My other question: is it possible in C to implement a generic list and maybe initialize it to a particular data structure as needed? Something like:
struct node_tag { void *data; struct node_tag *next; } Node;Can I cast data to the particular data type when needed? Any public domain code I could look into? - Michael Brusser
A
You were right not to feel good about the original code. The reason you give is certainly valid, but there's a much more fundamental reason for not accessing fields in a struct after you've deleted it: it's an invalid operation. However, it's one of those invalid operations that compilers aren't required to diagnose, and in most cases they can't diagnose it. What the language definition actually says is this:
The value of a pointer that refers to freed space is indeterminate.
What this means, technically, is that once you've freed the space that a pointer points to you cannot legitimately do anything at all with the value stored in that pointer. You can't even copy it into another pointer variable, much less dereference it and look at the values that it used to point to.
The reason for this rule is much simpler than the one you suggest. The compiler's runtime library, which includes the code for malloc and free, must keep track of which memory blocks are in use and which ones are available for a subsequent call to malloc. The library often does this by adding a header to each memory block to hold the needed information. When a block is made available to the application through a call to malloc, the pointer that malloc returns actually points to the first byte after the header. On a call to free the library code backs up from the pointer that you gave it to find the header.
Some implementations, however, improve their memory usage by reducing the amount of information that they keep in the header for an allocated block. That is, the information stored in a freed block takes up more space than the information in a block that's in use. The extra information is stored after the header, which means that it overwrites some of the data that your program had stored in the block. No need to resort to multitasking to understand what the problem here is: when you call free on a memory block, the runtime library is allowed to overwrite the information in that memory block.
As to your second question, yes, it's possible to implement a generic linked list in C via a void * pointer. In fact, with a minor change to your code you can store your actual data in each node, and not just a pointer to your data. The trick is to put the pointer to the next node first in the struct. Begin by defining a struct that holds nothing but a pointer to next:
struct node { struct node *next; };Now you can write the functions that manipulate your linked list in terms of pointers to struct node:
void insert(struct node *list, struct node *new_node) { new_node->next = list->next; list->next = new_node; }And finally, write the actual struct that holds your data:
typedef struct component_node { struct node *next; Component component; } ComponentNode ;With a suitable cast, you can now use your generic list manipulation functions to manipulate a list of your Components:
int main() { struct node head; head.next = NULL; struct component_node *node = malloc(sizeof(struct component_node)); insert(&head, (struct node *)node); return 0; }Of course, in actual use you'd use more typedefs, and wrap the more longwinded expressions inside macros.
The reason this works is that C allows pointer "puns," and requires them to work only when you use the resulting pointer to access the common starting sequence of the two types. That is, both struct node and struct component_node begin with a pointer to struct node. You can start with a pointer to struct component_node and cast it to a pointer to struct node. Because each of these types' first element is a pointer to struct node, you can use the resulting pointer to manipulate that first field without worrying about corrupting other fields in the struct component_node that it actually points to.

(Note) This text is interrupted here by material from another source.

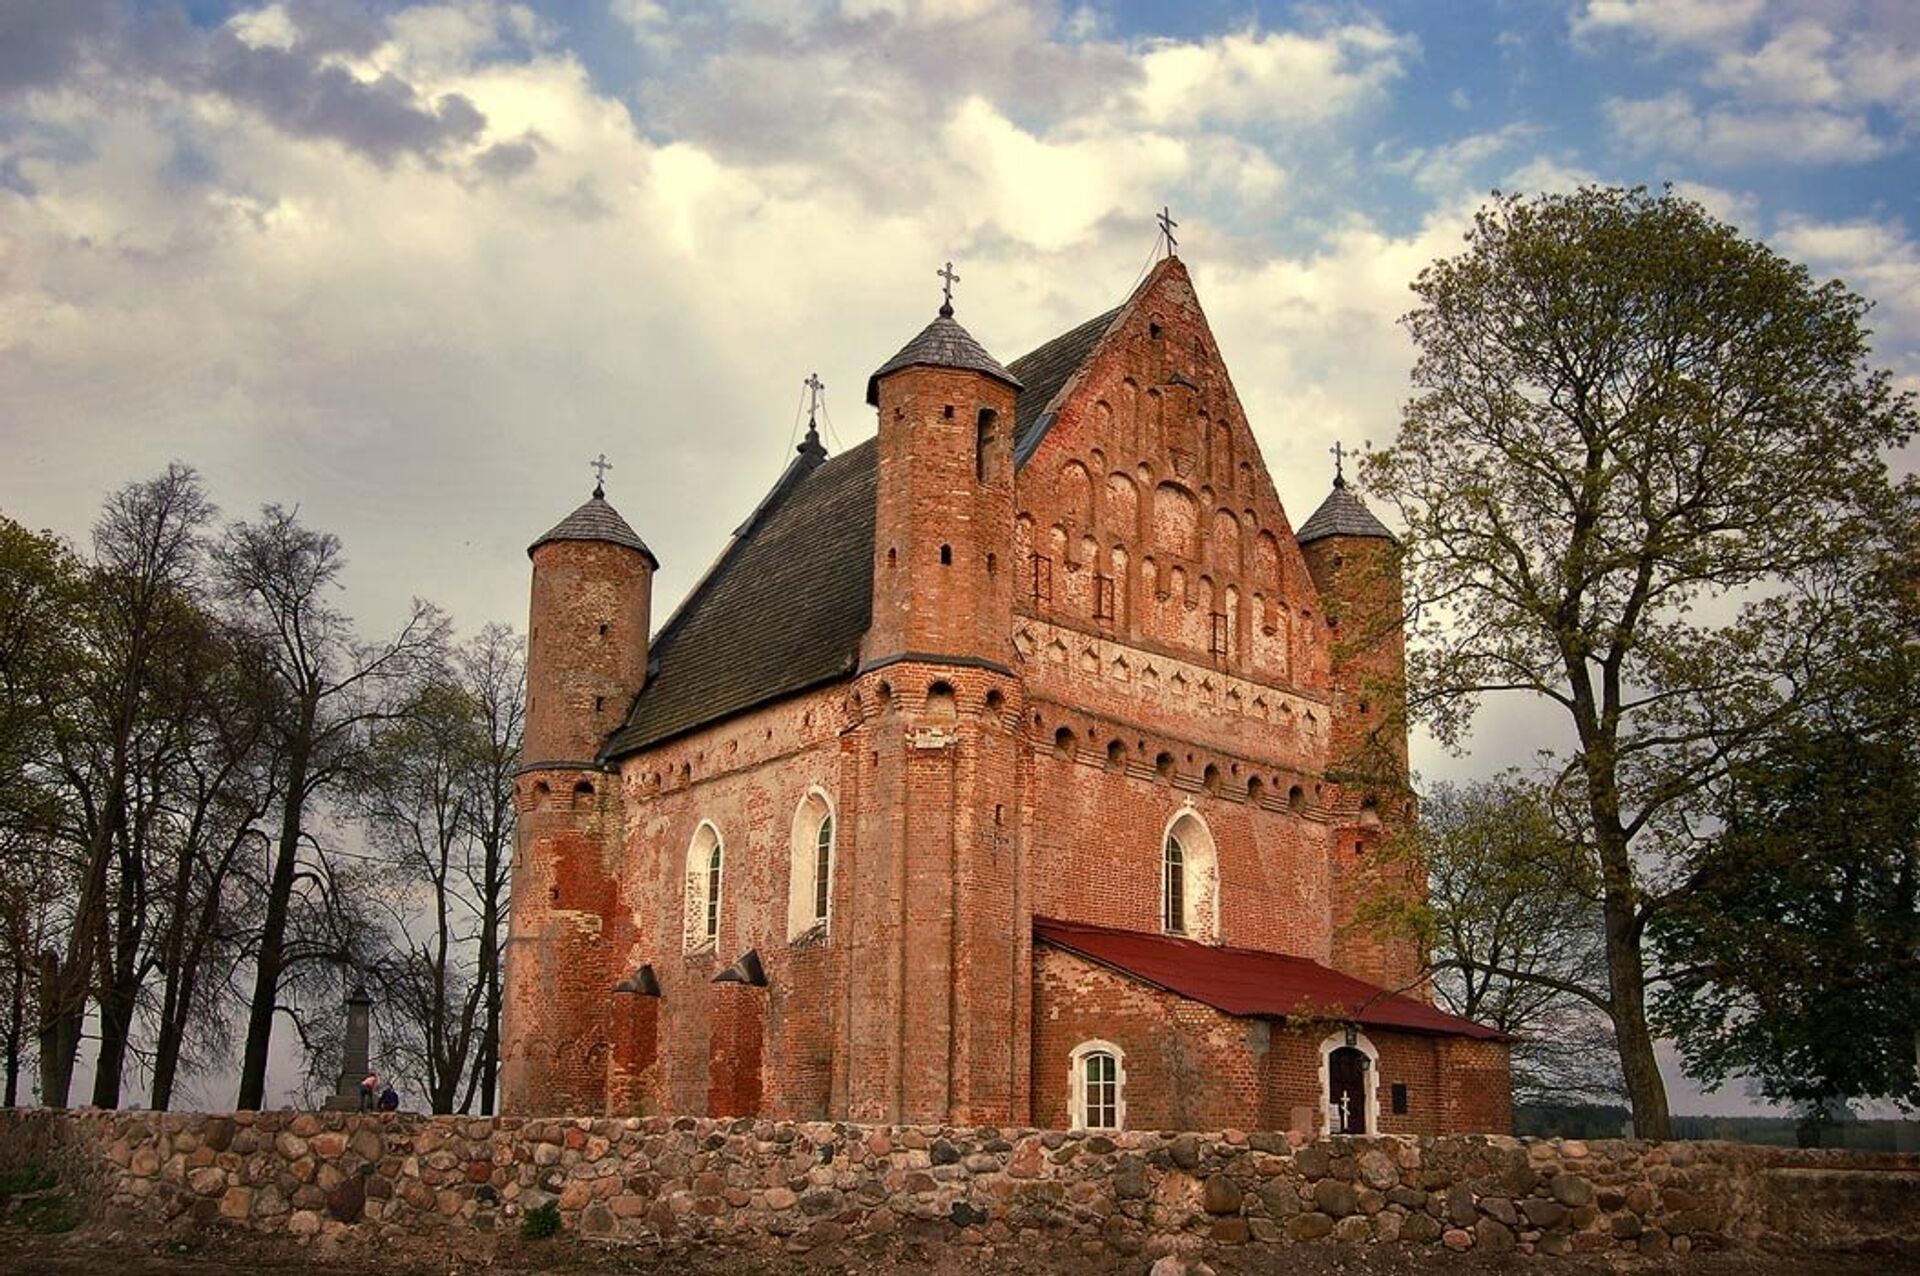 Церковь Святого Архангела Михаила была построена в начале XVI века в городке Сынковичи, что в Гродненской области - РИА Новости, 1920, 15.05.2021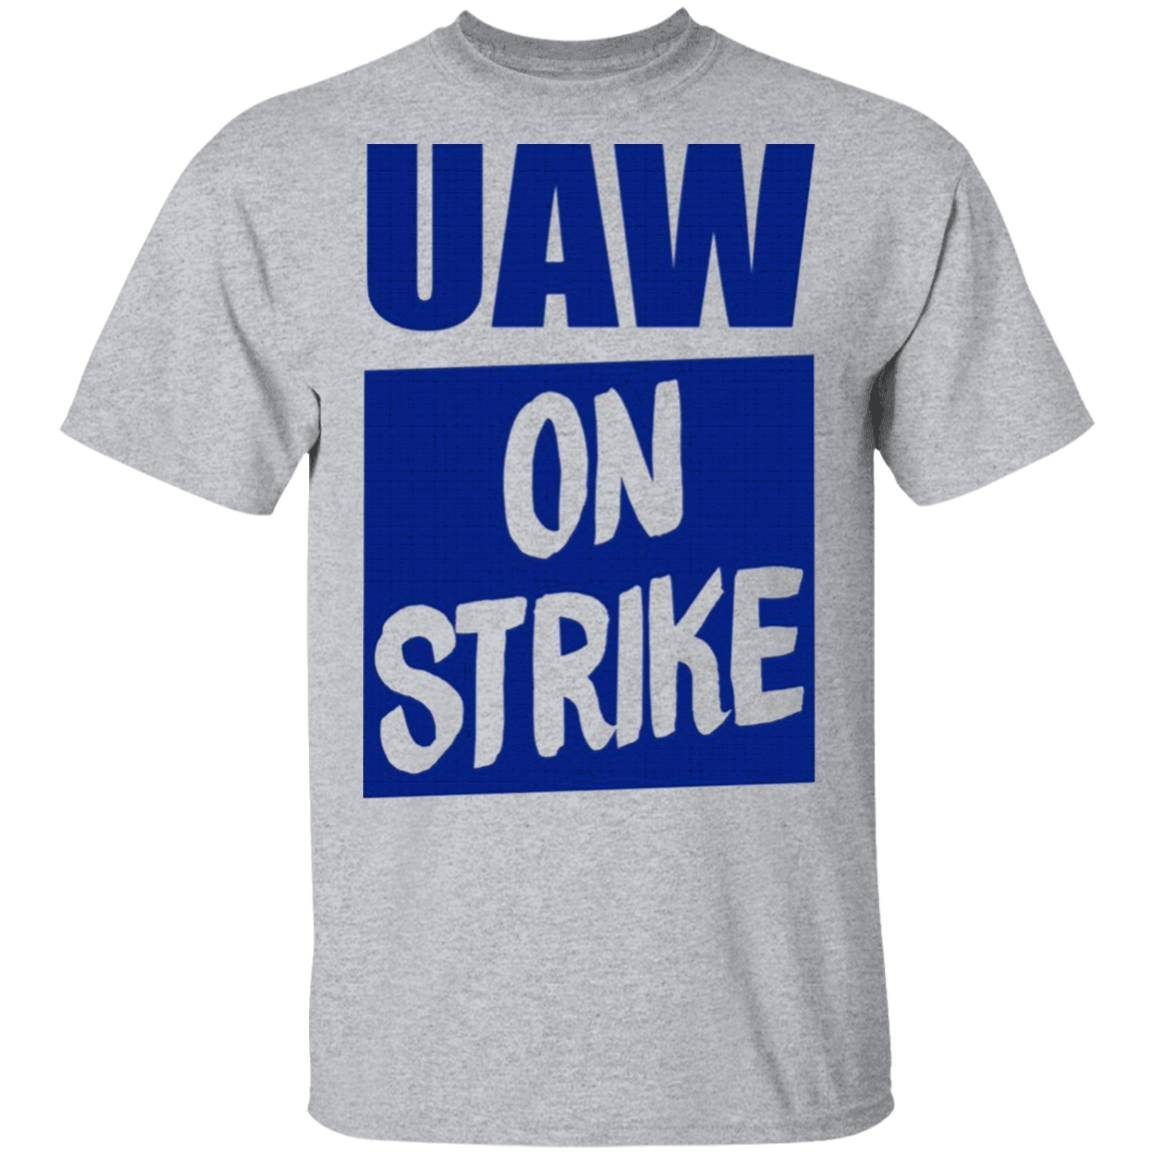 Striking Uaw Workers Uaw On Strike shirt

If you're a C++ programmer you may be thinking that this looks suspiciously like inheritance. You're right: it's actually a technique you can use to implement inheritance in C, if you can keep the casts straight. If you find that you're doing this sort of thing frequently in your C code you might consider switching to C++.
Q
I have a C programming question. Forgive my wasting your time with what is probably a trivial problem, but I am stuck. There is an issue regarding the ability of C to perform an operation which I believe it cannot, and so I am deferring to a higher authority. This is the scenario. I have a buffer of ASCII data. Also, I have a struct which represents the buffer and its data. For example:
char *Buffer="1234567803/18/1998" typedef struct BasePolicyInfoTag { char PolicyNumber[8]; char PolicyDate[10]; } BasePolicyInfo; BasePolicyInfo aPolicy; memcpy ((char *)&aPolicy, Buffer, sizeof aPolicy);The memcpy statement does not work. Since the fields are not null terminated in the buffer, aPolicy after this copy looks something like:
aPolicy.PolicyNumber : "1234567803/18/1998" aPolicy.PolicyDate : "03/18/1998"Is there any way to achieve the intended effect? - Howard Bash
A
Be careful about saying that a particular programming language cannot do something. In general it's just not true. A better question is whether the language can do it reasonably elegantly and reasonably efficiently. What you're trying to do here can certainly be done in C, and in fact it can be done elegantly and efficiently. It's not as fast as a simple memcpy, but as you have observed, using memcpy doesn't produce the correct result.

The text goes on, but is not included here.